The motion for intervention comes after the American Civil Liberties Union of Illinois, which represented Student A in her original complaint to the Department of Education, heard from dozens of parents and as many students from District 211 who objected to the lawsuit filed in March. Many of the parents have students in the District (or students in schools that feed in to the high school district) and did not want the parents who spoke at the press conference in May announcing the lawsuit, including those who chose to mis-gender Student A repeatedly and deliberately, to represent the entire District 211 community.

“We were overwhelmed by the number of parents and students who came forward, seeking some way to demonstrate their commitment to a fair and welcoming environment for transgender students in their local high schools,” said John Knight, LGBT Project Director at the ACLU of Illinois. “This confirmed for us that most of the community wants to treat every student with the dignity and fairness they deserve, not as targets for attack.”

“In the end, we believe it is urgent that the voices of parents and student who are directly affected are part of this discussion.”

The three students who are transgender – Student A, Student B, and Student C – and their families are filing the motion anonymously to protect their privacy.

The action today is the latest in a series of events going back more than two years. After the parents of Student A attempted unsuccessfully to get locker room access for their daughter in conversations with school officials, the family filed a complaint with the U.S. Department of Education’s Office of Civil Rights. OCR conducted an extensive and exhaustive investigation into the circumstances in District 211.  Even before the Department released their findings, school officials announced publicly that they would not comply with the Department’s findings and launched a cynical and aggressive public relations campaign that fanned the flames of anti-transgender anger on the part of a small group of people in the area.

After the Department of Education publicly issued findings in November 2015, stating that District 211 was in violation of Title IX when it denied Student A access to the locker room, the school and the Department reached an agreement in December of last year to resolve the matter. Although District 211 reports that the agreement has been implemented without incident or problem, the anti-transgender rights groups, the Thomas More Society and the Alliance Defending Freedom, filed their lawsuit in early May riddled with specious and hyperbolic claims of harms to students in the school.

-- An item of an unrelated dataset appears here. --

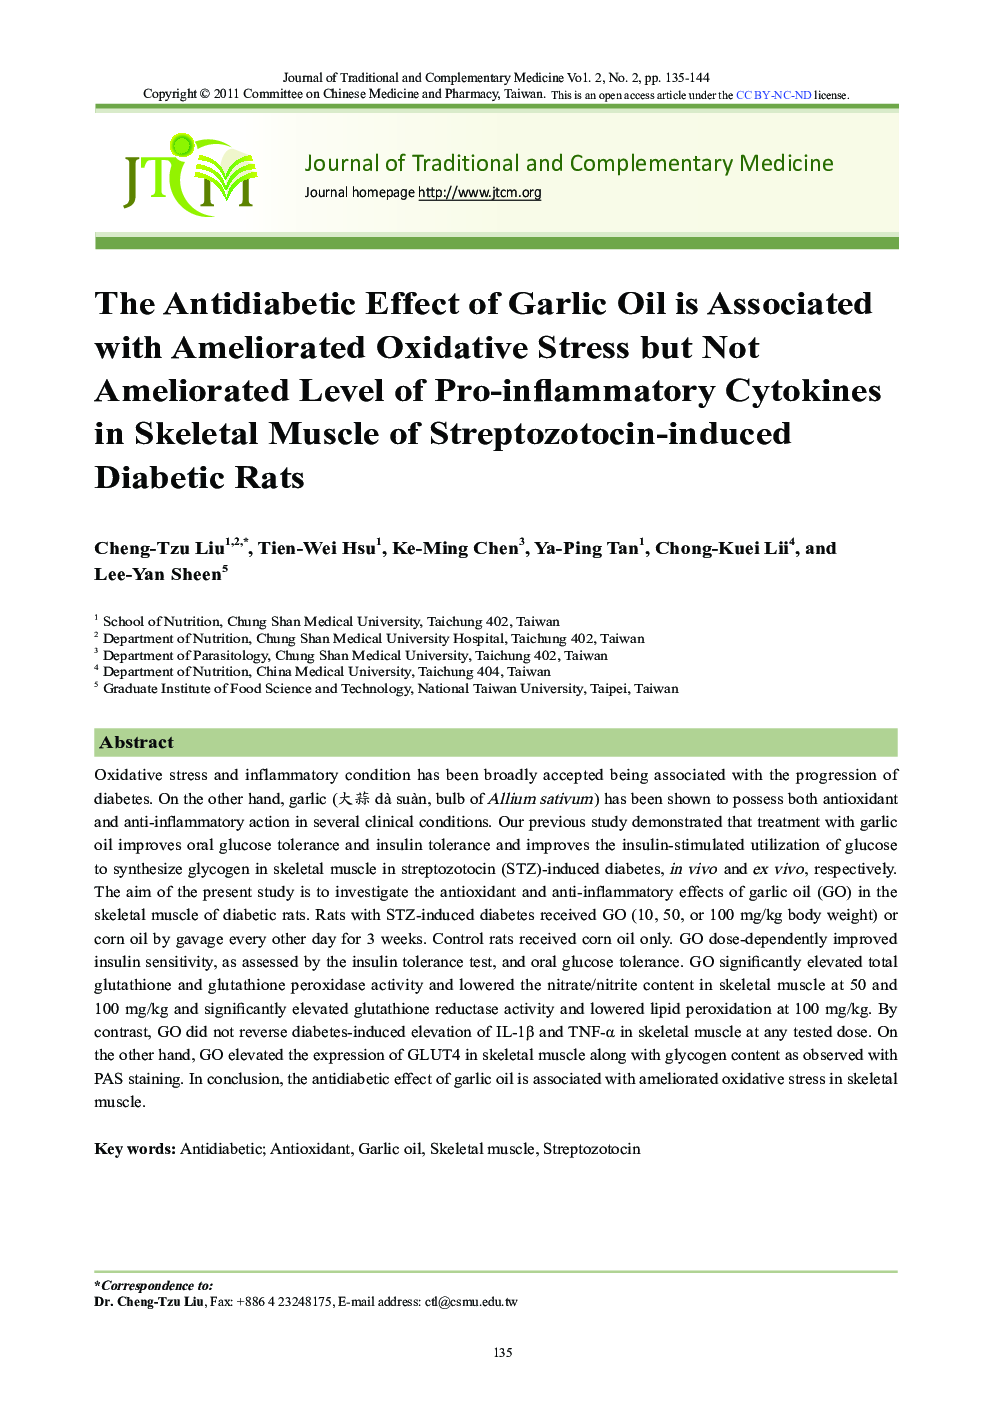 The Antidiabetic Effect of Garlic Oil is Associated with Ameliorated Oxidative Stress but Not Ameliorated Level of Pro-inflammatory Cytokines in Skeletal Muscle of Streptozotocin-induced Diabetic Rats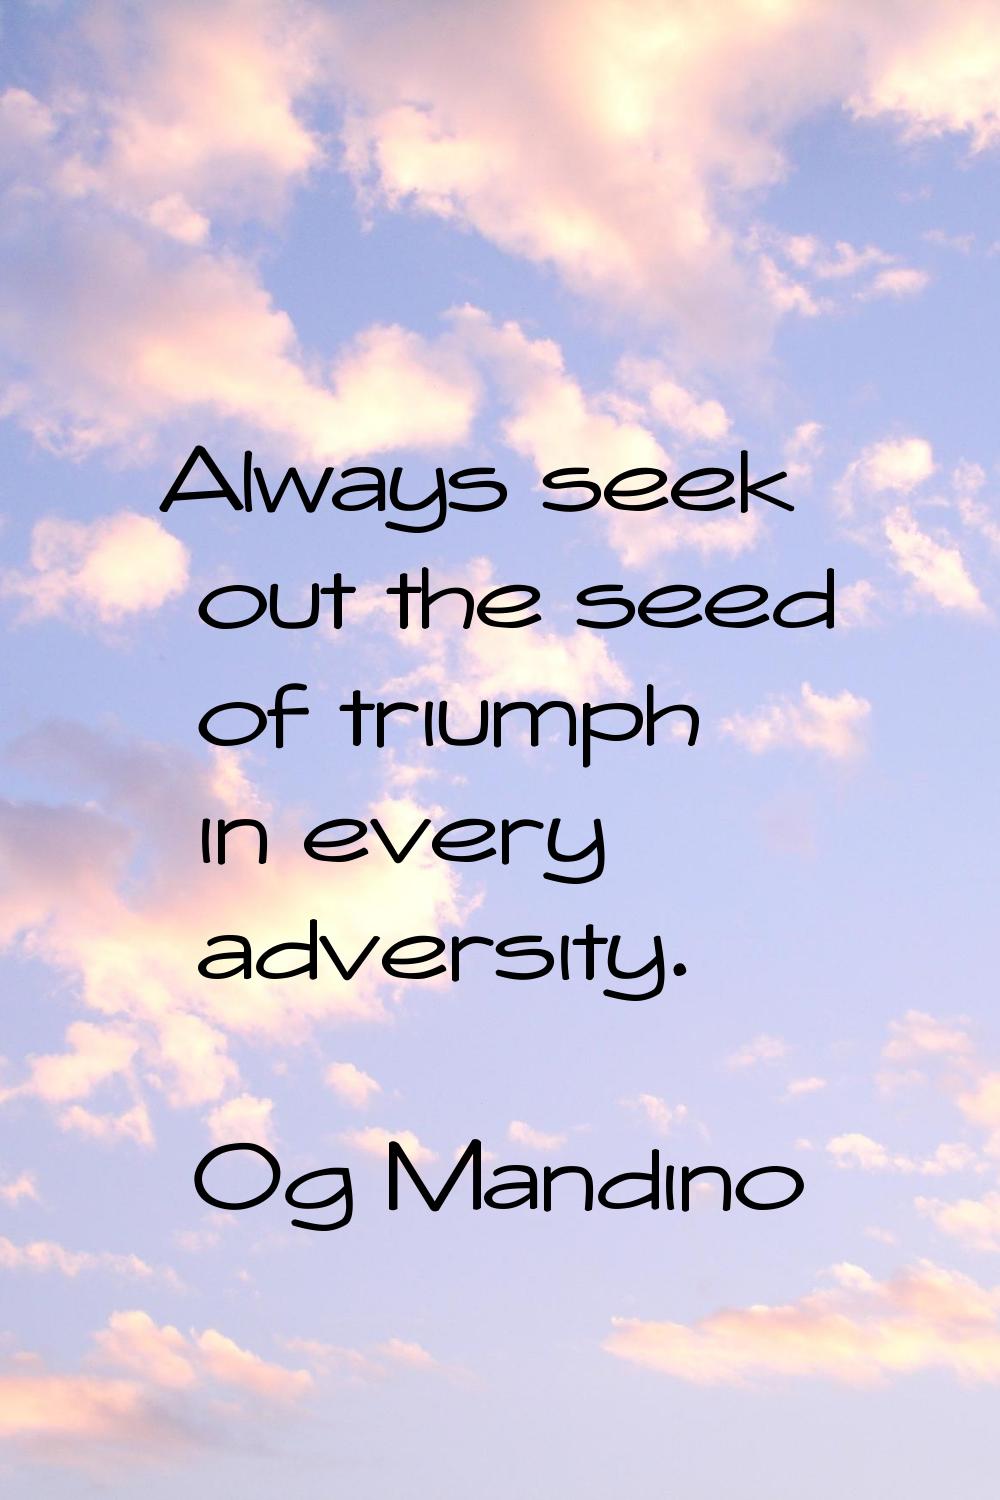 Always seek out the seed of triumph in every adversity.

According to today’s filing, Student A has stopped changing in the girls’ locker room at her school due to the attention of the lawsuit and the false and misleading claims made by the anti-LGBT groups.  District 211 officials have said that the agreement was being implemented without incident. Now, however, Student A attends gym class in her street clothes, rather than change clothes in the locker room and risk further unwarranted attention.

“We have monitored this agreement very closely,” added the ACLU’s Knight. “Students and school officials all have spoken to how this agreement has been implemented without any problems – that is the reality we know.”

The case is before U.S. District Court Judge Jorge Alonso who will decide if the ACLU’s clients can join the matter.

In addition to Mr. Knight, the families seeking intervention are represented by Ria Tabacco Mar of the ACLU National LGBT Project, and Timothy Bishop, Britt Miller, Laura Hammargren, Catherine Bernard, and Linda Shi all of the Chicago office of Mayer Brown as well as Catherine Bernard of the Washington DC office of Mayer Brown.